In 2020 I got two other tattoos. The one behind my ear is a Buddhist tattoo that symbolizes that you are going to reach your destination, but it isn’t going to be easy, it’s going to have a lot of twists and turns and probably even pauses but once you get there you get there. The other is a dreamcatcher to repel bad energy and only accepting the good and trying to promote positive vibes from myself.

I have another smaller tattoo that people usually don’t see, it’s just more personal. It is to remind myself that even though you suffered from depression at one point in time, you are no longer where you were, and you fought through that.  

So that’s all my tattoos and their significance. I am planning to get more; I already have them in my mind and in my book to say where I’m going to get them and why I want them. I don’t get my tattoos like in the whim of a moment.
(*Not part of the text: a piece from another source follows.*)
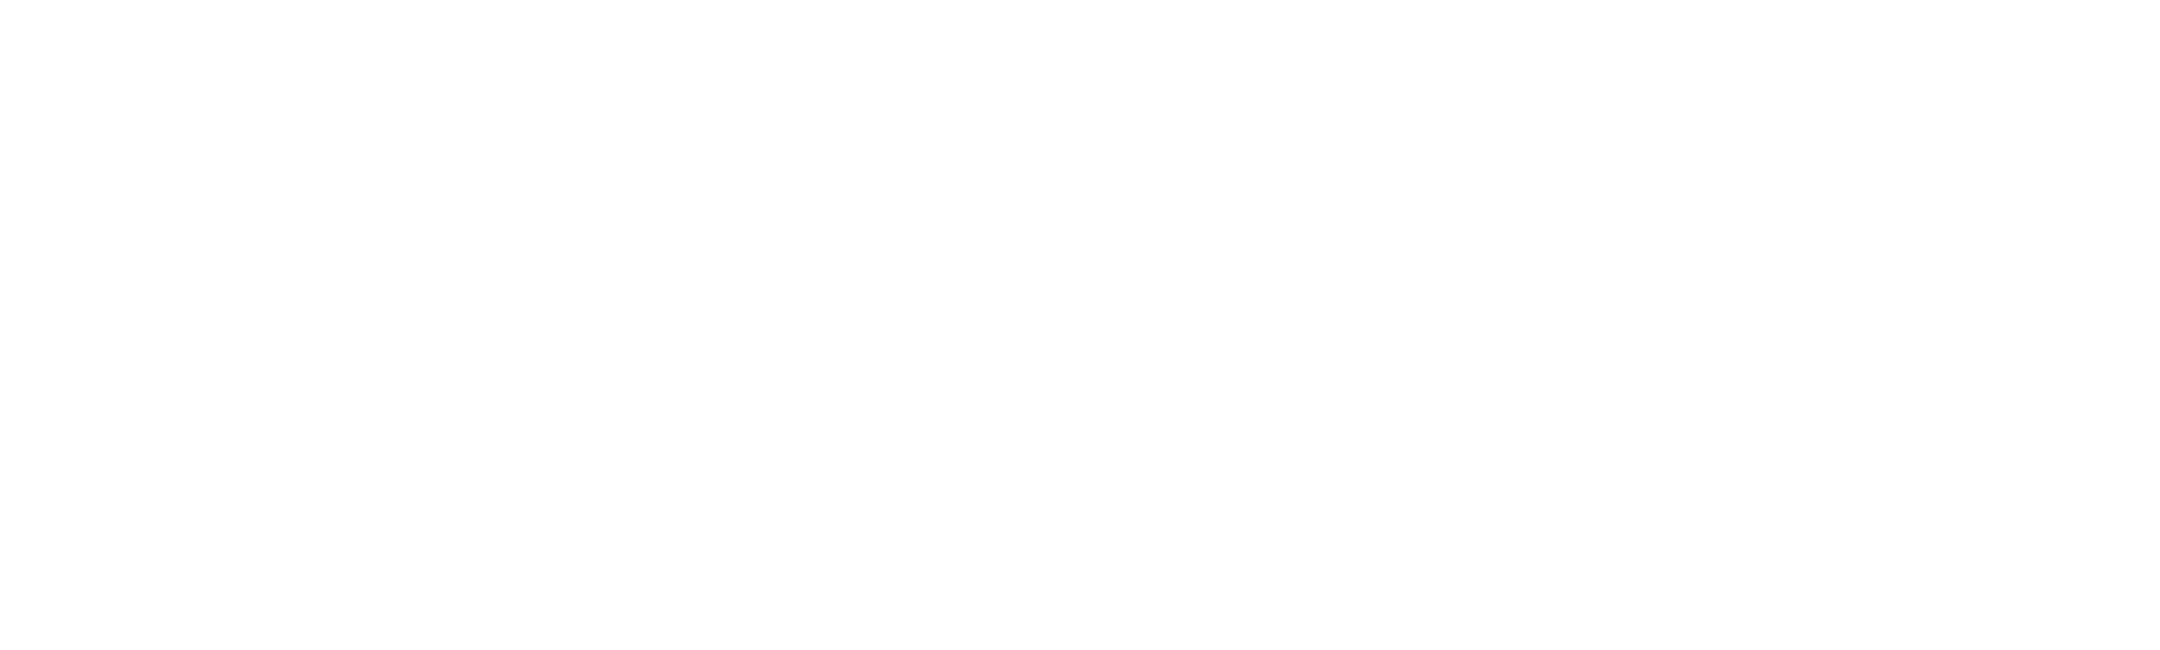 Cryptocurrency Greiðslukerfi - FSFPAY.com

I usually plan in advance and then look at that spot for a long time and decide if I want a tattoo there.

Your Instagram profile says “Different doesn’t mean wrong” – can you explain what you mean by this?

Different doesn’t mean wrong is just basically saying you don’t have to try to be someone else to get perfect results because there’s no such thing as perfect results. Be different, be yourself and be who you want to be. Do things how you want to do things, because life experiences and first-hand experiences and knowledge is better than anything else. You could take advice from somebody else, but you won’t really appreciate it unless you struggle for it all and learned it first-hand. That is my mantra.

I strongly believe in standing up for myself and standing up for others from my country in the sport, so need be. They don’t necessarily appreciate that because I’m a female and females don’t get their due justice in this sport and in sports in general to be fair. Especially in the Caribbean they feel like you should just sit down, be quiet and be a yes ma’am.  You shouldn’t have an opinion. I don’t believe in that; If I believe A says A and you want to tell me A says B, I’m going to tell you no and I’m going to scream from the highest mountain. I don’t care how much you try to insult me or make fun of me or chastise me about it, I’m standing for what I believe in, and I will stand strong.

That’s just me being different, being and true to myself because before I did what people wanted me to do and be the way people wanted me to be. I wasn’t happy and it wasn’t fun, people just never saw it because I always had a smile on my face but inside, I was dying because I wasn’t being myself. I was trying to be who they wanted me to be when I could have been myself, I could have been different.

Who do you consider your biggest supporter, and why?

My biggest supporter would be my parents and my siblings, and that’s because they really have to be 😊. They are truly like my best friends because they know who I am and what I’ve been through. They were there when I wanted to stop athletics, when I cried and when I had to make big life decision. They have held my hand through it all and wiped my tears. When I had to get surgery, my boyfriend flew out to be there with me and my one of my teammates at that time took care of me. I was such a mess, and they were there for me. I am very grateful to them for that because they were with me at my lowest. They didn’t care that people weren’t screaming Anthonique in the stadium, that I wasn’t running 22s and I was no longer word junior champion. After my injuries the shoe companies didn’t stay, but they stayed and they are still here. They’ve been with me from diaper days, when I first became a professional athlete, when I didn’t even necessarily know myself and when I was discovering myself from a teenager to a junior athlete.

I appreciate them and love them to pieces. I don’t say it all the time, but they know. Even now if I need to talk, they will answer the phone. It doesn’t matter if I’m in a different country and I call at 2am, they will sit on that phone and talk to me until I feel better. I even speak to one of my cousins every time I go to a race, and have a little bit of anxiety, he could be at work and he will talk with me and tell me, “Girl you got this. You can do this”. This helps to take my mind off track and field aspect and talk about anything else, because I love to talk and will talk about with anything but my profession.